杏儿讨好地道:“不是谁都像公子一样,随便写张字,就可以卖出高价的——一般大户人家的公子、小姐,衣服、首饰,玩器都有分列,另外,每月也就是那几两银子的月钱,哪里够使的了?邵二公子想来就是月钱不够使,所以才在外面借银子的。”
换句话说,邵家不是没钱,只是没钱给邵庭胡乱花费就是。
杏儿忙着又道:“公子要是缺钱使,大可到我们府上去取,王爷吩咐过,断不可短了公子什么东西。”
“罢了!”邵书桓摇头道,“我也不缺银子,再说了,我也没地方使去。”刚刚认识安王的时候,他就给过他一些银子零花,加上如今邵赦命药红送来的,他现在身边的银票、散碎银子加起来,足足也有上万两,外面的市价他虽然不太明白,但听得说——普通人家,一年的花费也不过八九十两银子。
加上那位方夫人一个月的月例也只不过纹银二十两,可见市价确实不高,银子还是很值钱的。
如今他的衣服、吃住都算邵府份例,他的银子倒还真没地方使了。
“老爷来了……”这里正说着话,外面跟邵赦的小厮突然道。
邵书桓皱眉,自从那天他把邵赦气走后,这三天来,邵赦从来没有来看过他,他更是懒得去找他。
如今听得小厮说,也只能站起来,迎了上去。只见邵赦穿着狼皮大袄,进来后,也不等小厮侍候,径自把衣服脱了,扔在一边,也不理会邵书桓,自向椅子上坐了。
邵书桓笑笑,挥手让杏儿等退了出去,亲自倒了一杯茶捧给他,笑道:“老爷今儿好大的火气?”
邵赦接过茶去,喝了一口,依然没有做声。
邵书桓心中奇怪,只是讪讪地笑笑,在他对面坐下,邵赦盯着他看了半晌,终于道:“庭儿要你陪他去读书。”
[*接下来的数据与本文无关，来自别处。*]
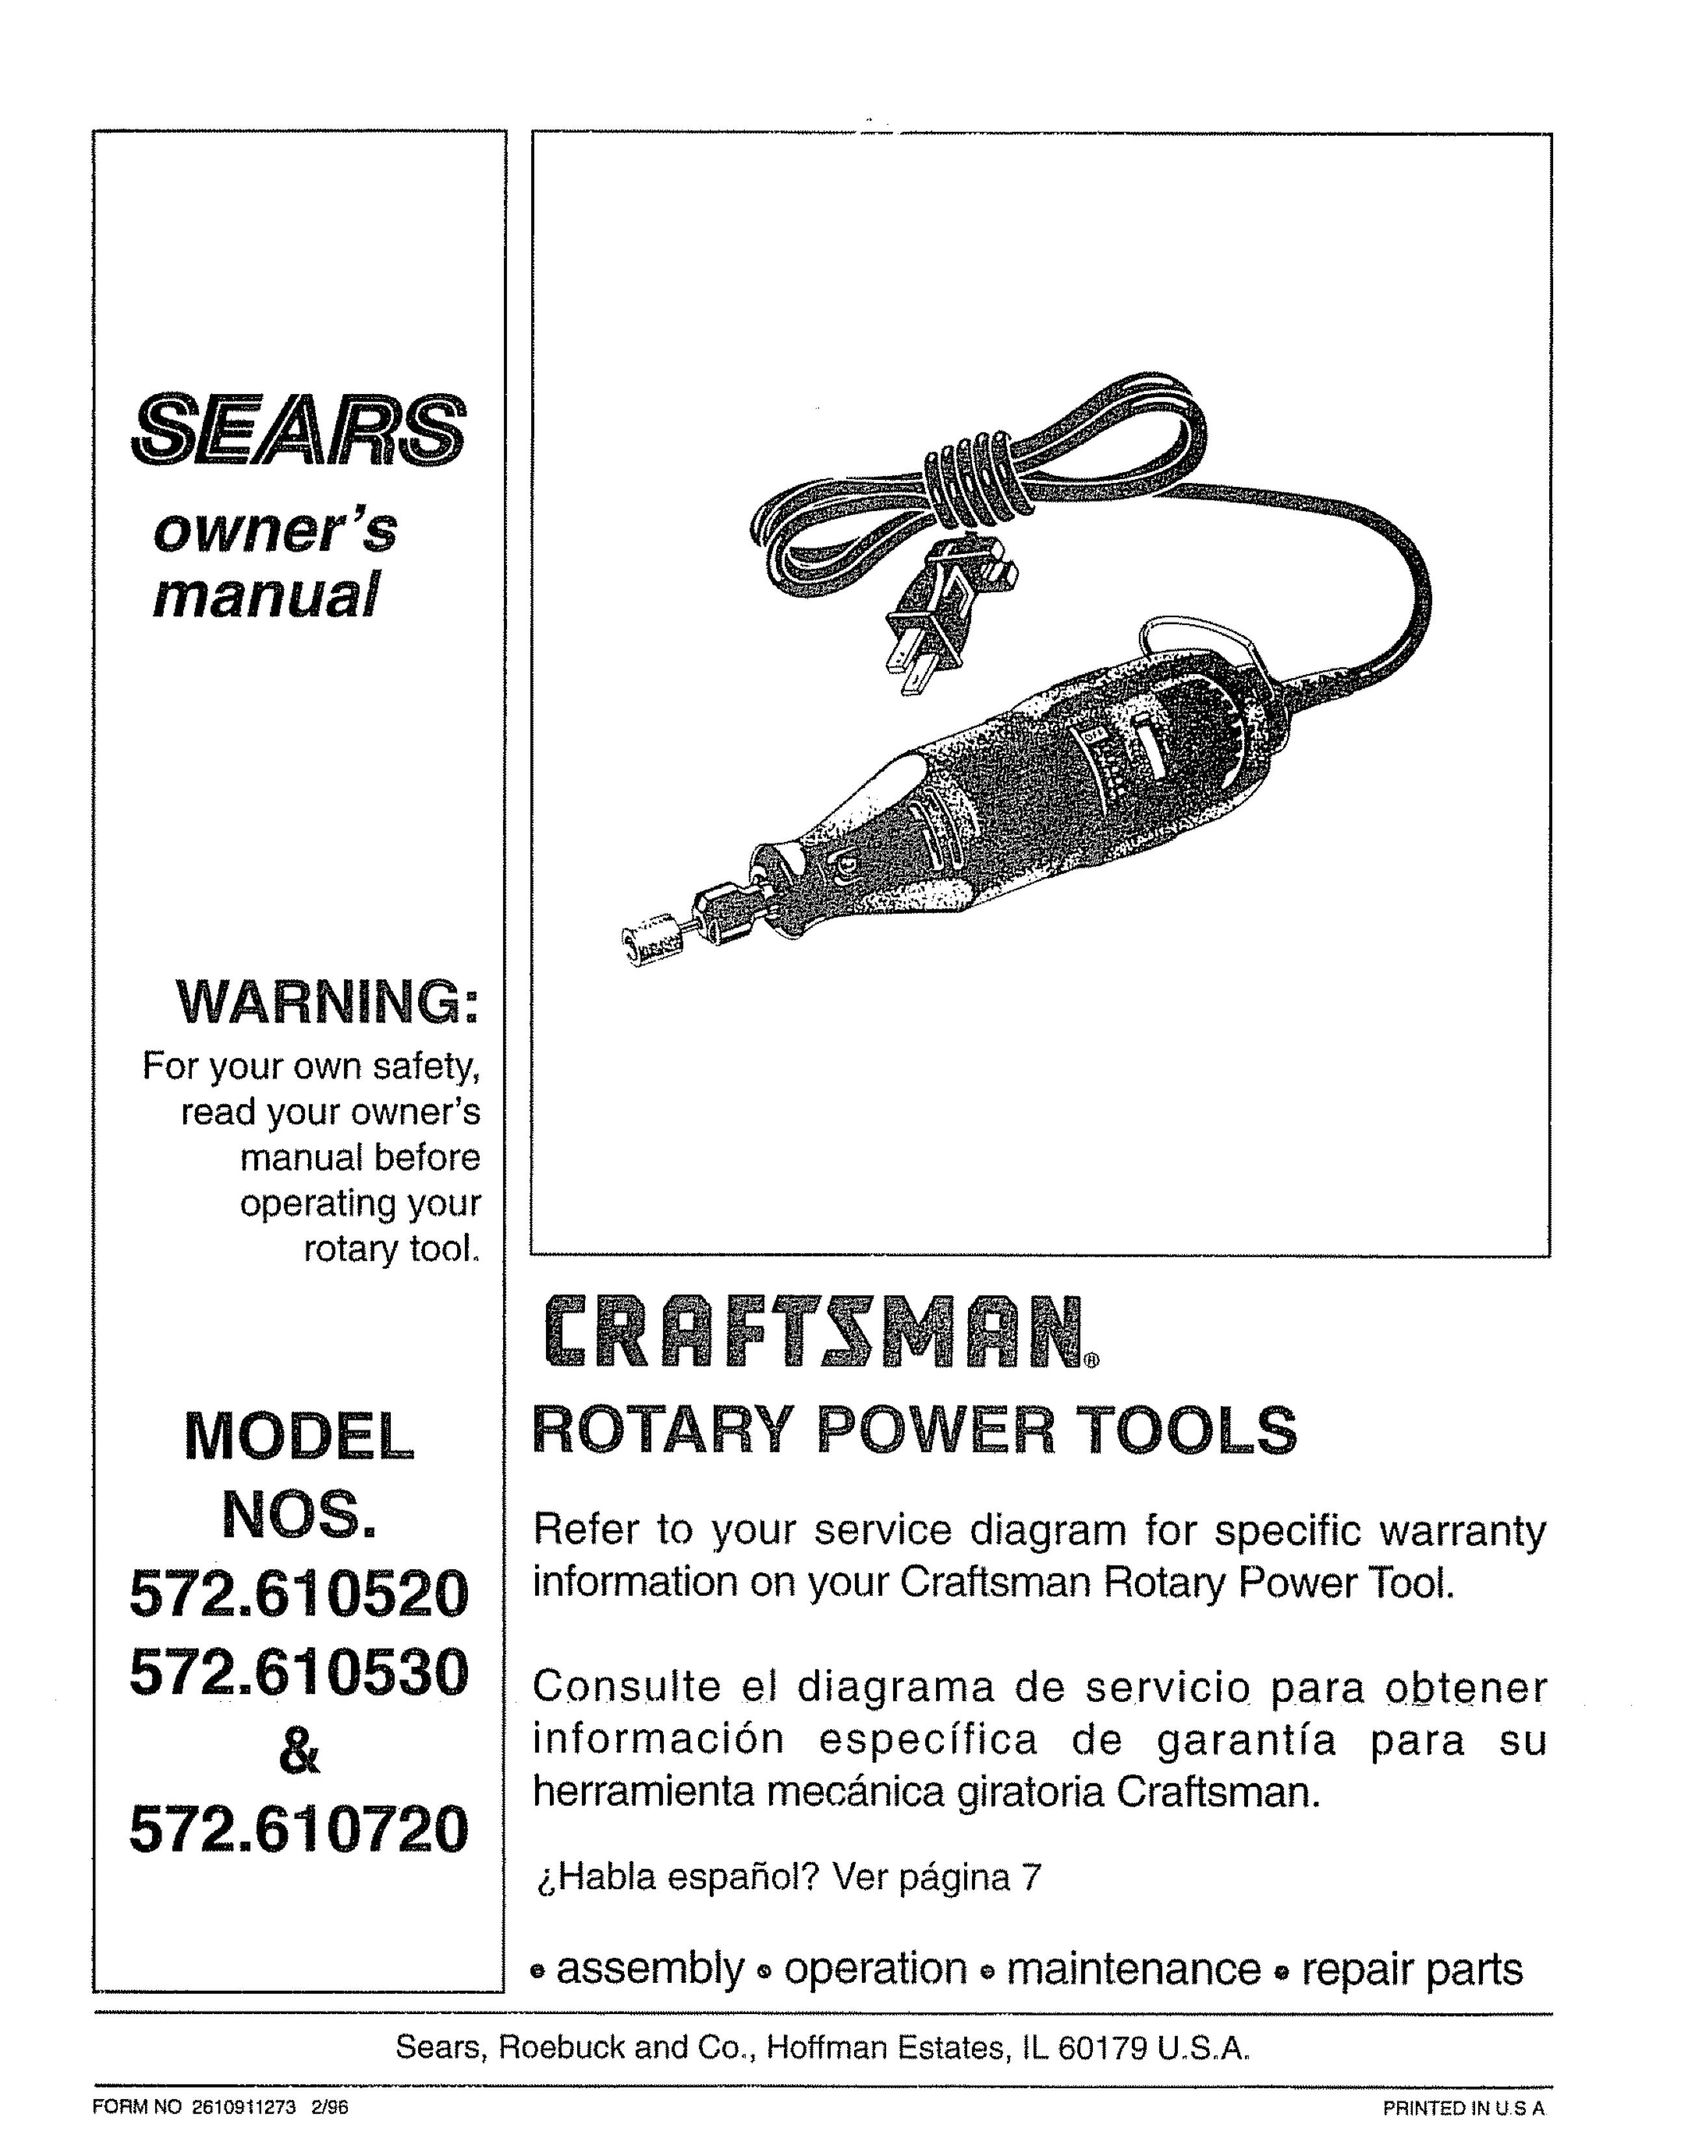 Craftsman 572.610530 Drill User Manual
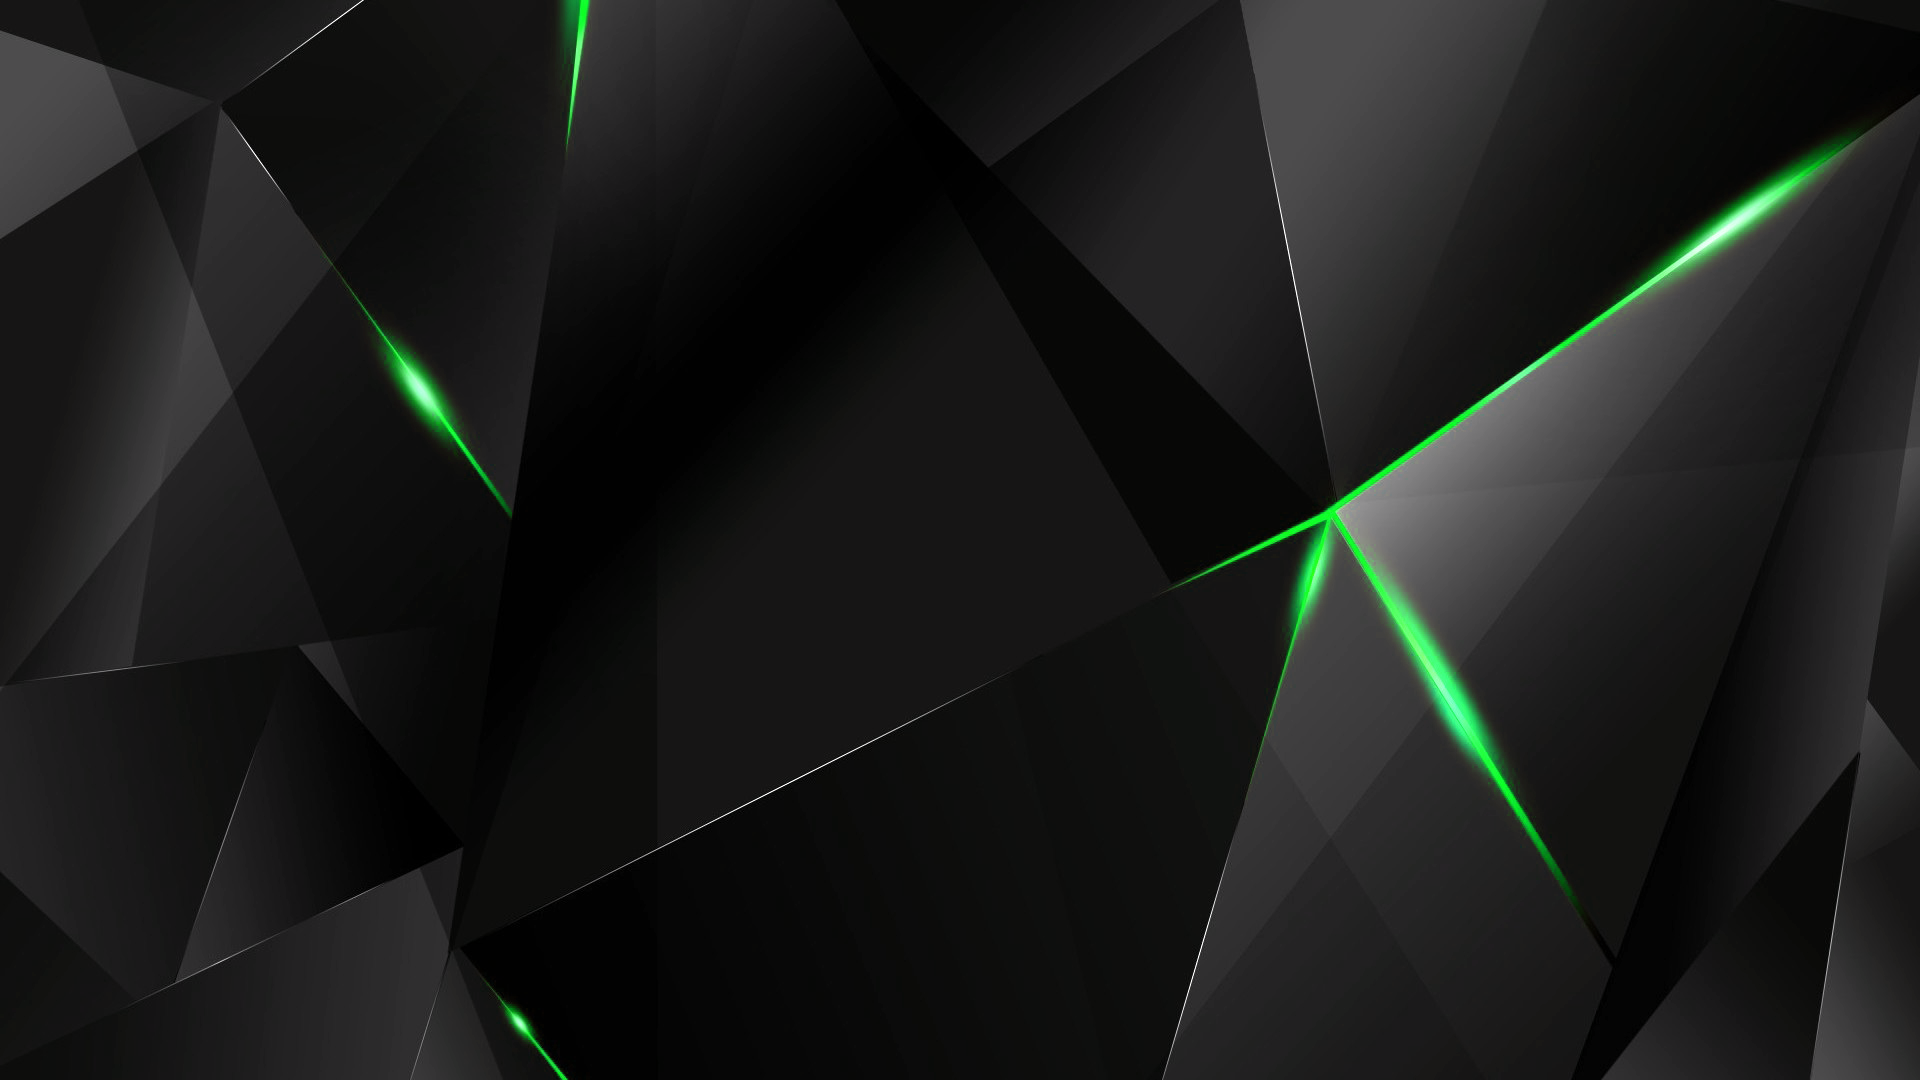 Wallpapers - Green Abstract Polygons (Black BG) by kaminohunter on  DeviantArt

“什么?”邵书桓几乎怀疑自己的耳朵,这算什么意思?让他陪着他去读书?侍读,还是书童?
“让我做他书童嘛?还是侍读?”邵书桓嘴角勾起一丝冷笑,问道。
“他也不看看自己配不配?”邵赦听了,陡然重重地把手中的茶盅狠狠地砸在地上,顿时哐当一声大响,茶水四溅。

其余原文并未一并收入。